Court of Appeals of Wisconsin
Jun 12, 2008
756 N.W.2d 477 (Wis. Ct. App. 2008)

Opinion

No. 2006AP002157.

June 12, 2008.

APPEAL from an order of the circuit court for Brown County: WILLIAM M. ATKINSON, Judge. Affirmed.

Before Higginbotham, P.J., Dykman and Vergeront, JJ.


¶ 1 Kenneth Gering appeals from an order denying his petition for writ of coram nobis. We affirm.

¶ 2 Gering is attempting to use coram nobis, instead of WIS. STAT. § 974.06 (2005-06), to withdraw his plea in this 1993 case because he is no longer confined pursuant to this judgment of conviction. His petition seeks to withdraw his no-contest plea on several grounds, mainly relating to whether it was entered knowingly, voluntarily, and intelligently. The circuit court denied the petition on the ground of laches.

All references to the Wisconsin Statutes are to the 2005-06 version unless otherwise noted.

¶ 3 On appeal, the State argues that coram nobis is not available to Gering because he could have raised these issues under WIS. STAT. § 974.06 while that remedy was still available to him. This argument is inconsistent with our discussion and conclusion in State v. Heimermann , 205 Wis. 2d 376, 381-86, 556 N.W.2d 756 (Ct.App. 1996), to the effect that coram nobis is a proper remedy for use by defendants who can no longer use § 974.06 because they are no longer confined pursuant to that judgment of conviction.

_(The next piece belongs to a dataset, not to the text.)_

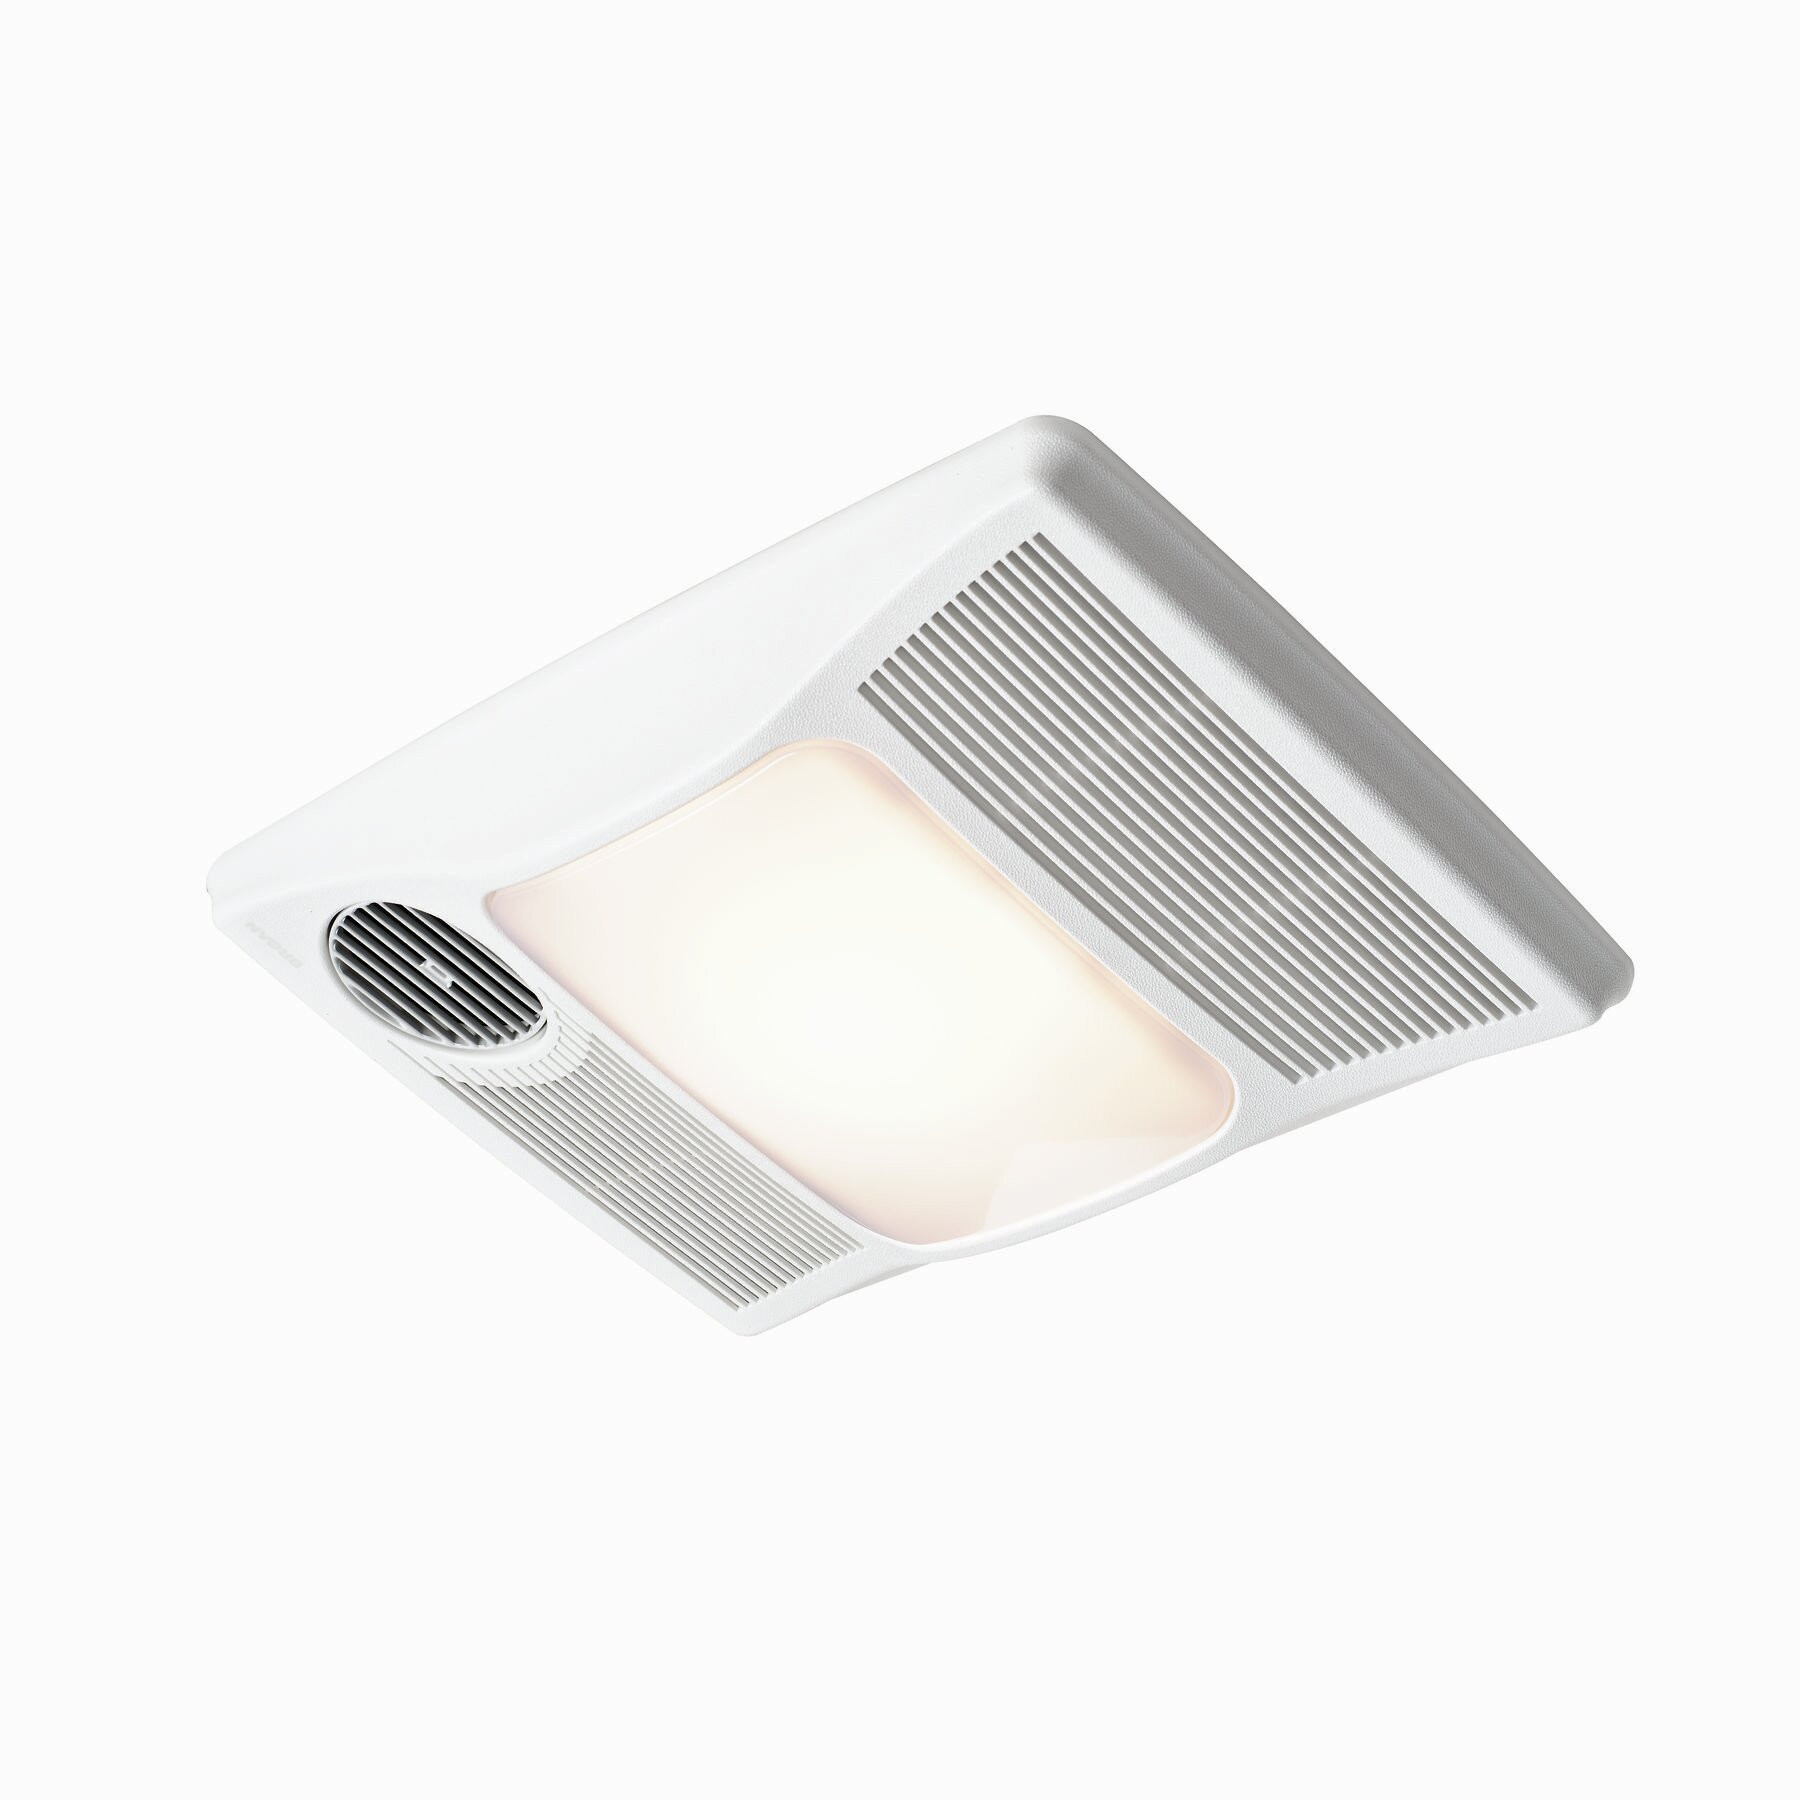 Bathroom Fan Light Heater
 Broan 100 CFM Bathroom Fan with Heater and Light & Reviews

¶ 4 We ordered supplemental briefing on whether coram nobis is an available remedy to reach the specific substantive issues that Gering is attempting to raise. The purposes of the writ of coram nobis have been described in Heimermann and other cases. Id. at 381-84. In Heimermann we stated that a coram nobis petitioner must show the existence of an error of fact which was unknown at the time of trial and which is of such a nature that knowledge of its existence at the time of trial would have prevented the entry of judgment. Id. at 382-83. In addition, we stated that the factual error the petitioner wishes to correct must be crucial to the ultimate judgment, and the factual finding to which the alleged factual error is directed must not have been previously visited or "passed on" by the trial court. Id. at 384.

¶ 5 Of the several claims that Gering made, the State argues that only one of them relates to a "fact" that can be reached under the above standard. We agree. Gering claims that the circuit court was provided with incorrect information on the plea questionnaire and during the plea colloquy as to whether Gering had previously been committed or received treatment for mental or emotional problems. Gering asserts that the form said he had not, but in fact he had been committed and undergone counseling. This is a factual issue.

¶ 6 However, we see nothing of consequence about this alleged error because Gering fails to show that this lack of correct information was relevant. The only time that information would be relevant would be if he was entering a plea of not guilty by reason of mental disease or defect, which did not happen here. We note that Gering is not arguing that he did not understand the plea proceedings because he was mentally incompetent at the time of the plea colloquy.

¶ 7 As to the remainder of Gering's claims, we conclude they are legal issues, not factual ones. These claims relate to whether the court concluded a proper plea colloquy with respect to the rights he was waiving with his plea, the elements of the charge, and the potential penalty. As we discussed above, coram nobis is available to raise only factual issues, not legal ones.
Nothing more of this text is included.